Click Reset to revert to the system default for that policy.

Flag vs. shadow flag

Each policy also has a Flagging tab with two options:
OptionBehavior
Flag content when detectedStandard. Crossing the threshold sets flagged: true, contributes to severity, and the policy can be referenced in rules
Do not flag contentShadow flag. The policy still scores content but doesn’t mark it flagged. Items still appear in the queue under the shadow flagged filter
Shadow flagging is useful for testing a new policy in production without changing what your users experience. You can watch how it would score real traffic, validate it against your moderators’ decisions, then switch it on for real.

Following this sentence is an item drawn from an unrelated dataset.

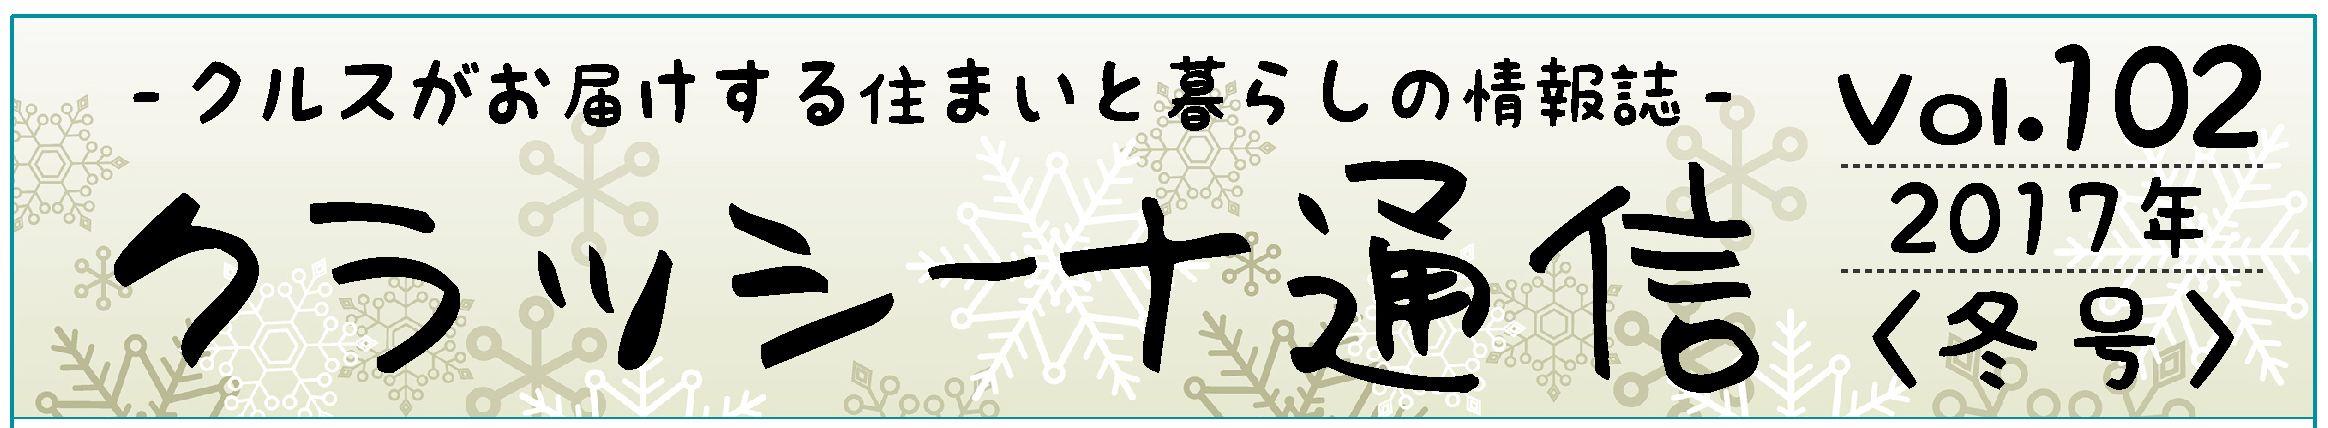 KuraSi-natu-sin102-01.jpg

How the two layers interact

For a single moderation request, here’s the order things happen in:
1

Each policy scores the content

Every enabled policy returns a probability. Per-policy thresholds decide which policies set flagged: true.
2

Severity score is computed

Flagged policies contribute to the overall severity_score. Higher-weight categories (e.g. severe toxicity) push the score up faster.
3

Content rules are evaluated

Your rules run top-to-bottom. The first match decides the recommended action.
4

Severity triage is the fallback

If no rule matches, the severity score triage thresholds decide the action: Allow, Review, or Reject.
So per-policy thresholds control what gets flagged and shape the severity score. Severity triage thresholds control what action is taken when no rule explicitly handles the case. If you want a category to never auto-reject regardless of score, write a rule that catches it. Rules run before triage, so a matching rule wins.

Tips

  • Change one dial at a time. If you raise a policy threshold and lower the review cutoff in the same save, you won’t know which one moved the queue.
  • Watch the histogram, not just the numbers. A 5-point slider move can shift hundreds of items between zones if your traffic clusters around that score.
  • Hold off on Calibrate until you have a meaningful sample. A handful of resolved items isn’t enough to tune from, so let the queue accumulate first.
  • Pair shadow flagging with Simulate. Shadow flagging previews how a policy would score real traffic; Simulate previews how the rules would route it. Neither touches what your users see.